Ce manuscrit du XIIIe siècle est unique ; il n'en existe pas de réplique. Il se compose de 140 feuillets dont le premier est pratiquement inexistant. Ce roman écrit en langue romane et en vers faisait partie de la bibliothèque de M. de Murat. A l'origine, sa couverture en bois avait disparu lorsqu'au XIXe siècle, elle fut remplacée par un marocain. C'est le joyau des deux littératures d'Oc et d'Oil car il offre un premier modèle du roman psychologique et de l'amour courtois. "Flamenca" qui n'avait pas de titre, trouva son nom grâce à M. Raynouard, Membre de l'Institut en 1834.

Philomena

 "Gesta Caroli Magni ad Carcassonam et Narbonam et de aedificatione monasterii Crassensis, autore Philomena."

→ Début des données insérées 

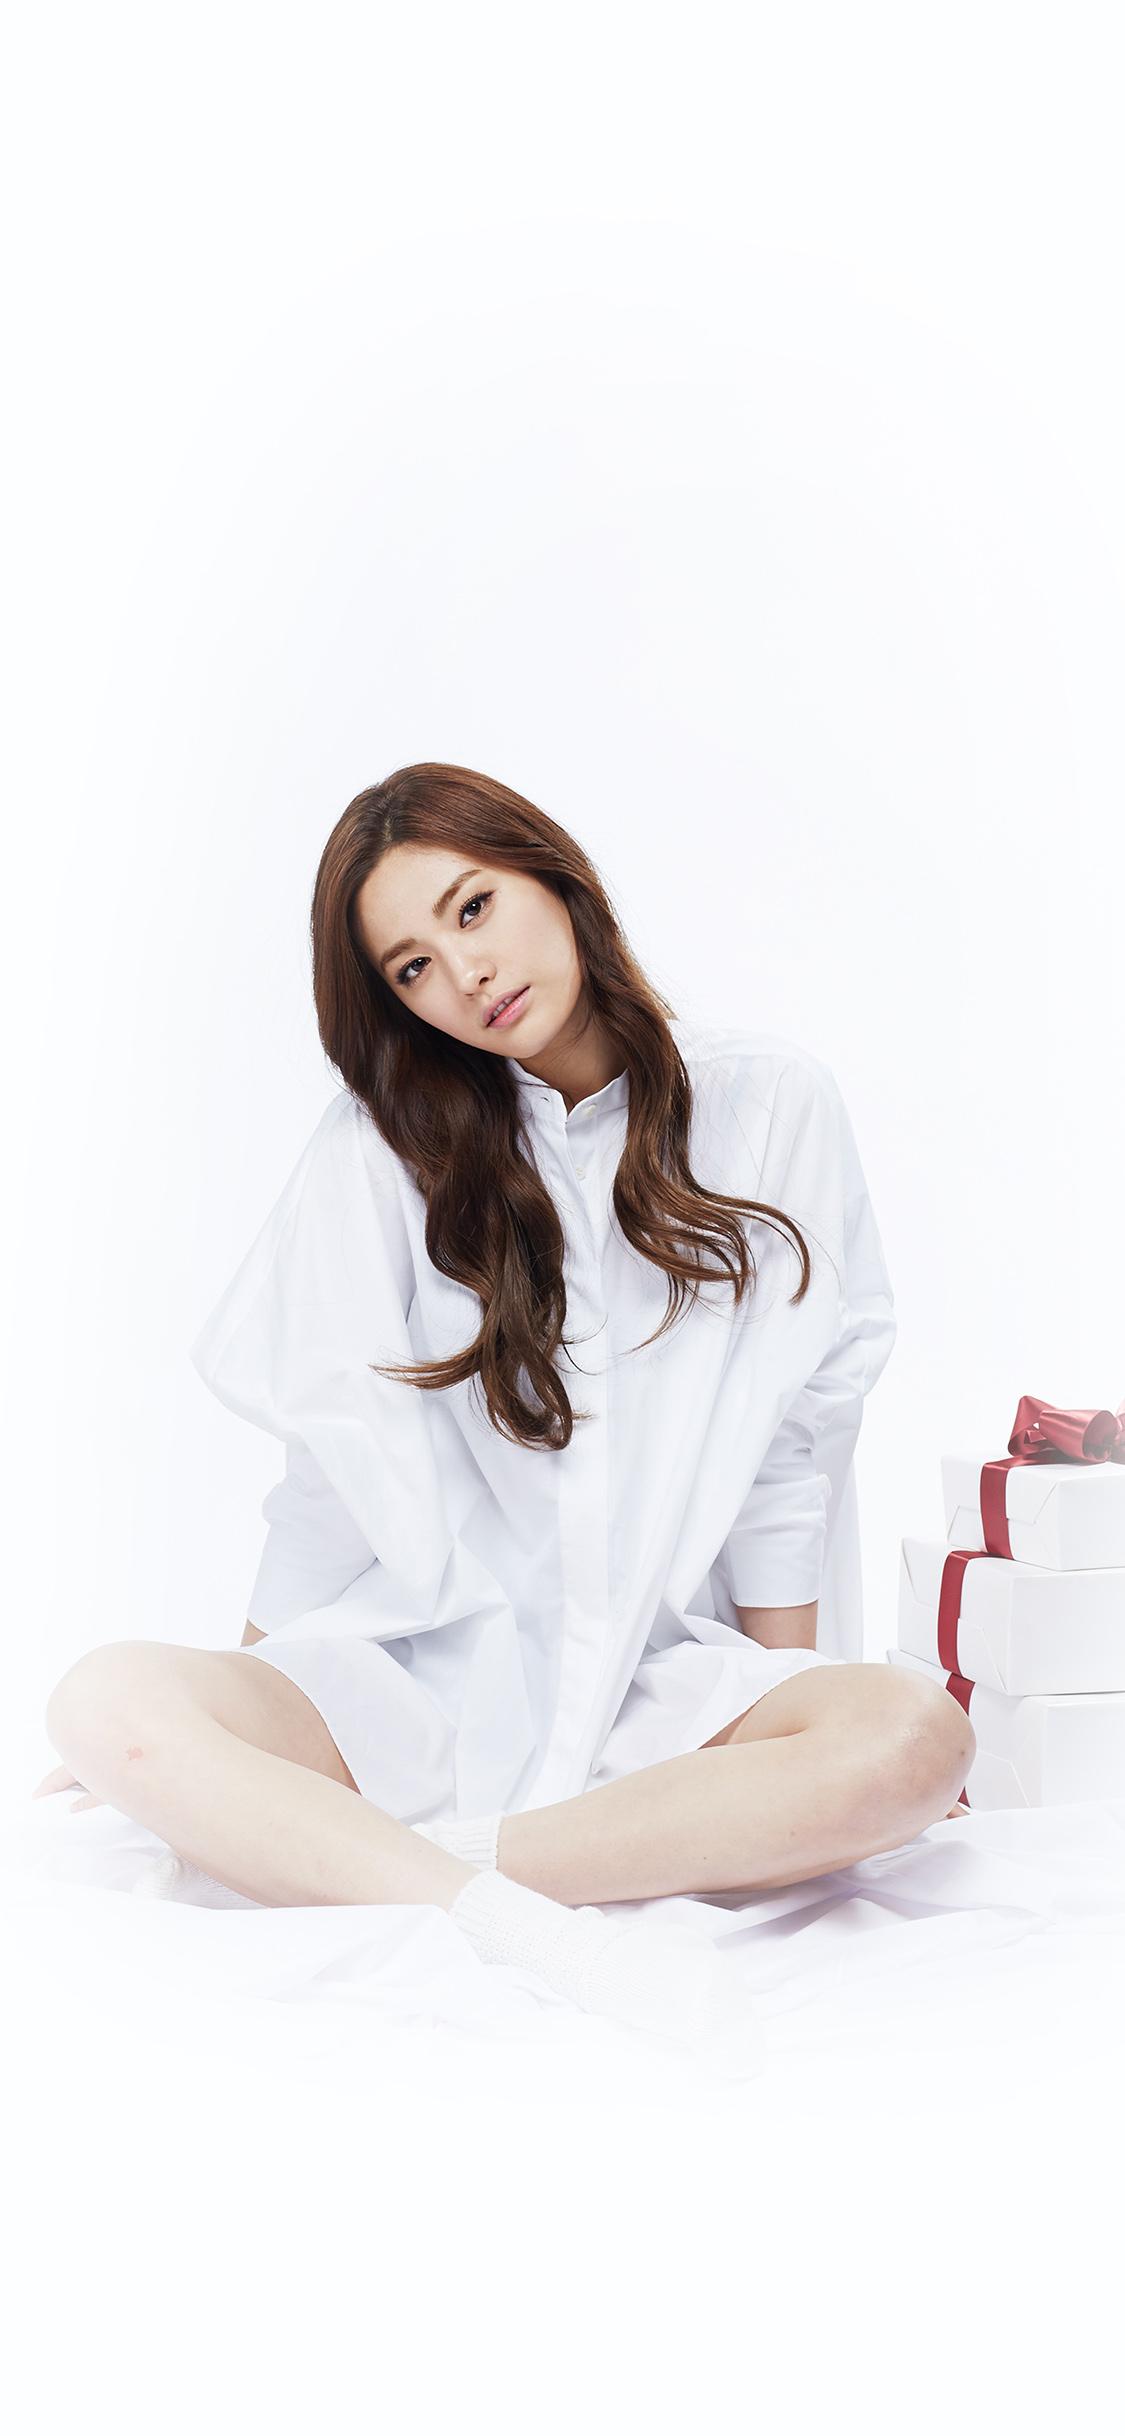 hg51-nana-kpop-model-white-beauty ...

En dehors de Carcassonne, il existe quatre autres versions de ce texte, toutes manuscrites conservées à : Bibliothèque Laurentienne (Florence), British Museum (Londres), Bibliothèque Nationale de France, Bibliothèque d'Aix-en-Provence. L'exemplaire de Carcassonne est également une copie provenant de l'Abbaye de Lagrasse avant la Révolution. Philomena rattache la fondation de l'abbaye de Lagrasse aux faits d'arme de Charlemagne et de Roland dans les guerres contre les Sarrasins.

Ouvrages religieux

Missel à l'usage de l'église de Carcassonne daté de 1472, comprenant 339 feuillets avec initiales et pages ornées. cet ouvrage est relié en bois recouvert de cuir, avec ornements à froid et restes d'un fermoir en laiton. La reliure fut restaurée en 1966.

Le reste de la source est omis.